Detection of Intoxicated Individuals from Facial Video Sequences via a Recurrent Fusion Model
This addresses public safety concerns by enabling non-invasive alcohol intoxication detection, but it is incremental as it builds on existing video analysis methods.
The study tackled the problem of detecting alcohol intoxication from facial video sequences by introducing a recurrent fusion model that integrates facial landmark analysis with spatiotemporal features, achieving 95.82% accuracy, 0.977 precision, and 0.97 recall.
Alcohol consumption is a significant public health concern and a major cause of accidents and fatalities worldwide. This study introduces a novel video-based facial sequence analysis approach dedicated to the detection of alcohol intoxication.
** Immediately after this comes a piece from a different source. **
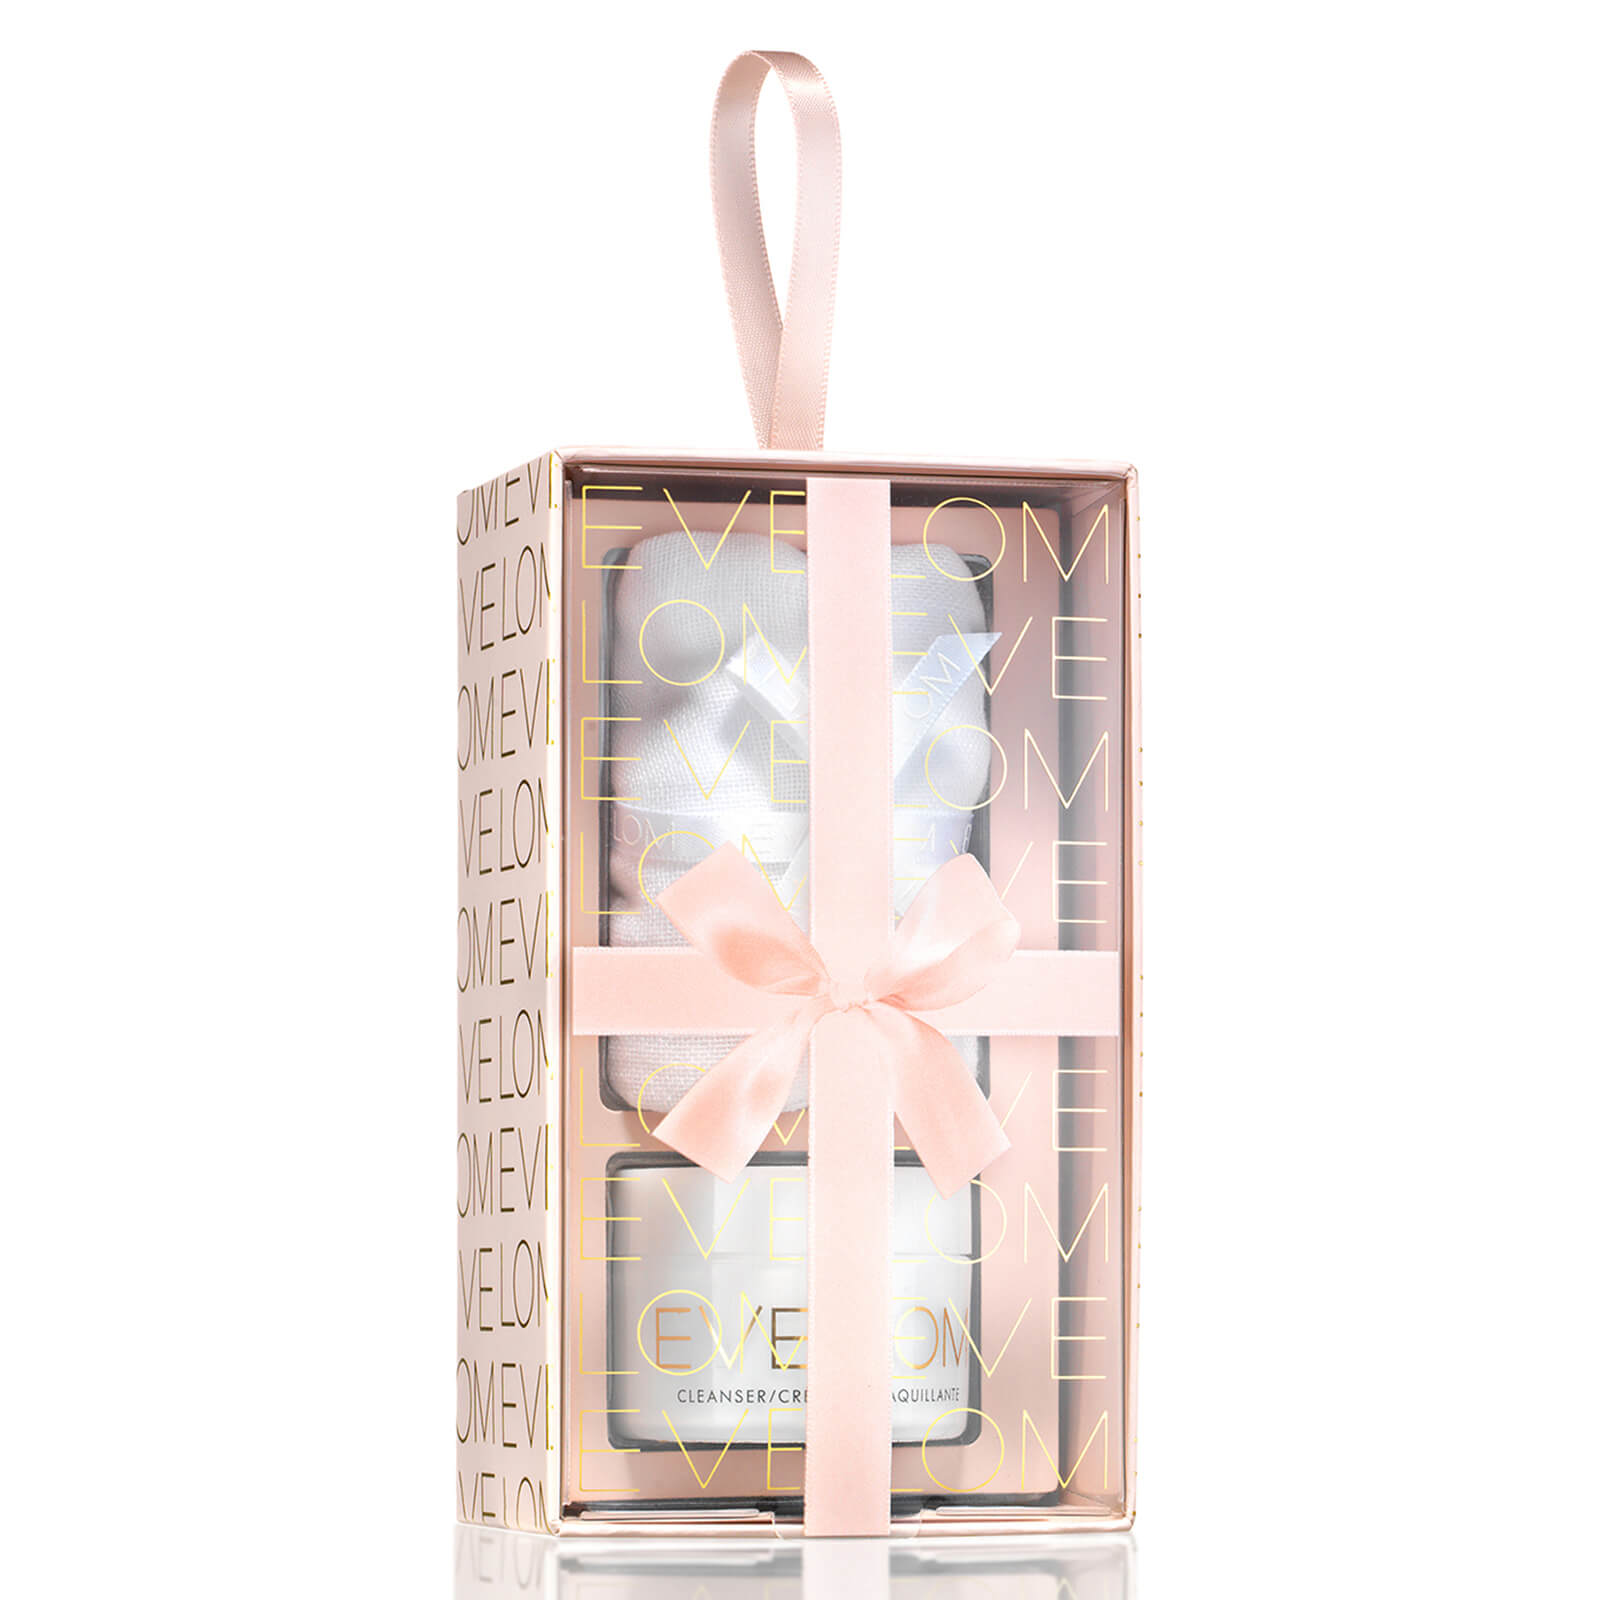 EVE LOM 經典卸妝膏旅行套裝 20ml+潔面巾

The method integrates facial landmark analysis via a Graph Attention Network (GAT) with spatiotemporal visual features extracted using a 3D ResNet. These features are dynamically fused with adaptive prioritization to enhance classification performance. Additionally, we introduce a curated dataset comprising 3,542 video segments derived from 202 individuals to support training and evaluation. Our model is compared against two baselines: a custom 3D-CNN and a VGGFace+LSTM architecture. Experimental results show that our approach achieves 95.82% accuracy, 0.977 precision, and 0.97 recall, outperforming prior methods. The findings demonstrate the model's potential for practical deployment in public safety systems for non-invasive, reliable alcohol intoxication detection.